What approach have you taken? Can you post your workflow and/or the pdfs? What’s your desired outcome?

I’ve had great success extracting tables with thousands of rows from multi-page pdfs, containing preamble text on the first page and other information like footnotes, using the Tika Parser node in combination with manipulation nodes like the Row Filter, Transpose, Cell Splitter, Regex Extractor, and String Manipulation nodes.

shivani_soni · March 9, 2022, 9:19am

I have used Tika Parser node to read all the pdf files present in a folder, followed by cell splitter for splitting cell by \n-new line as delimiter, filtering nodes to filter out blank columns and rows. And than regex split for splitting rows into column. First column contains Serial number-numerical format, Second column contains alphanumeric values where the value starts with U followed by number and than mixed characters with the specific length of 24 characters. And last column should contain words i.e. names only characters no numbers.
I want the S/N, CIN, & Company name from these.

Sample pdf screen shots attached here with different table format and number of column are attached herewith:

mlauber71 · March 9, 2022, 9:40am

@shivani_soni you could try and use the R package tabulizer. Maybe you could provide us with an example.

How to install R: KNIME guide and collection.

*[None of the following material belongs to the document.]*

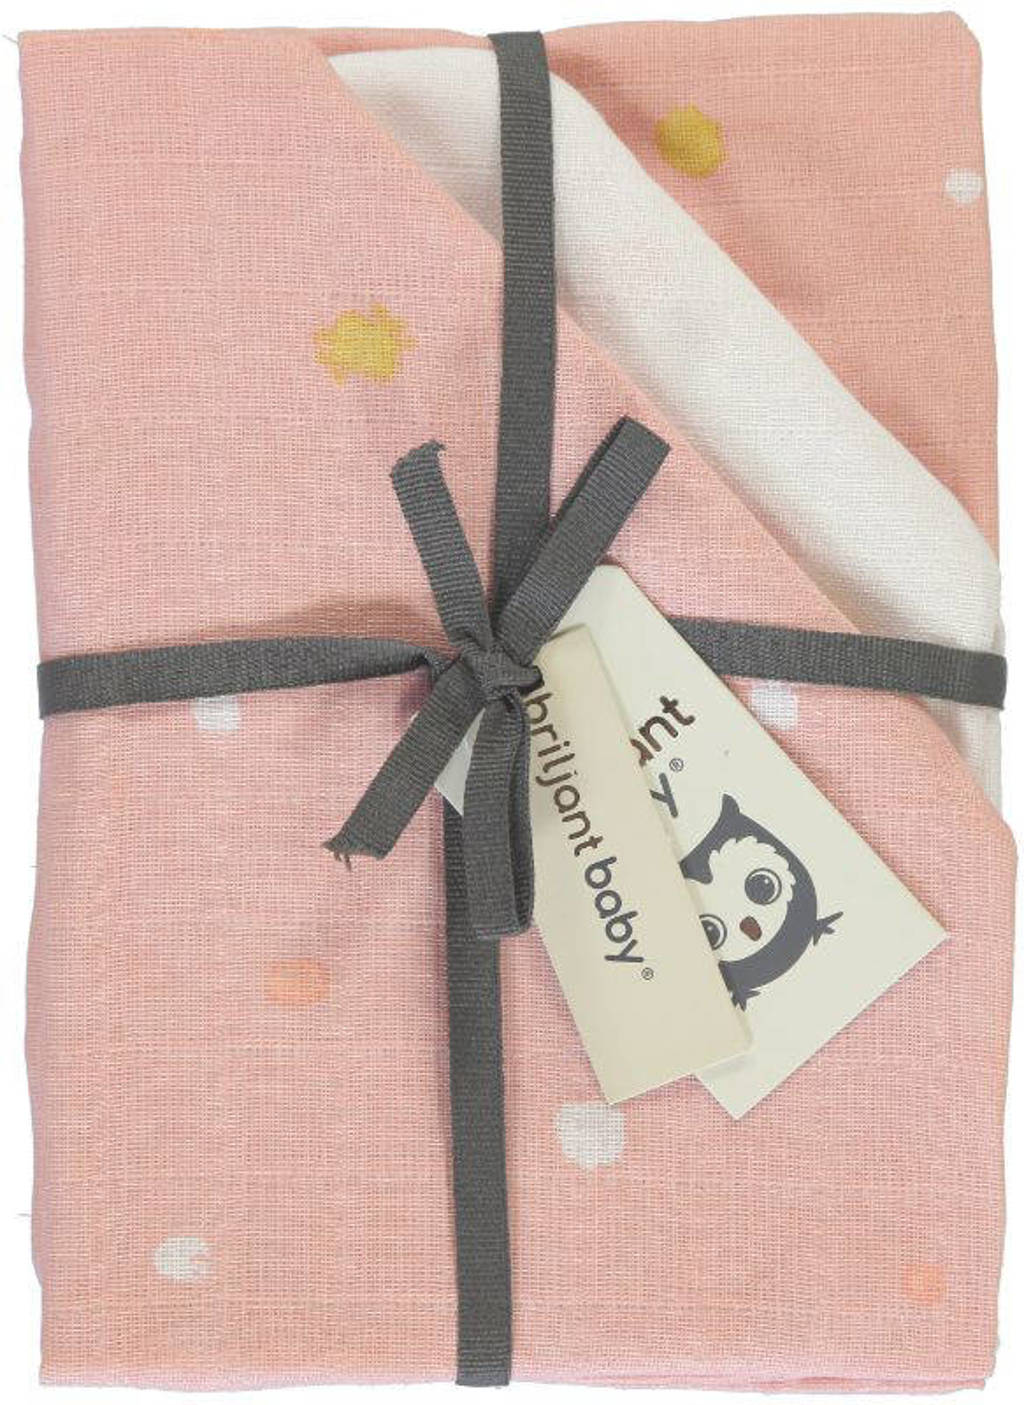 Briljant Baby Sunny hydrofiele luier stip - set van 3 70x70 cm roze/wit, Roze/wit

shivani_soni · March 21, 2022, 11:59am

Can we solve this without using any external libraries or packages i.e. R tabulizer package or tabula library of java? Plus there are some errors in recognizing the characters in the data parsed by the tikka parser for example for some of the entries in the column CIN number letters such as M is recognized as 1V1, J as 1 or /, H as 1-1 etc. What can be done for such cases?

mlauber71 · March 21, 2022, 12:21pm

@shivani_soni there was an example and a discussion doing this with just KNIME nodes. But I think I was not able to use that whith the example I have cited. Maybe you could give it a try or provide us with an example:

system · June 19, 2022, 12:21pm

This topic was automatically closed 90 days after the last reply. New replies are no longer allowed.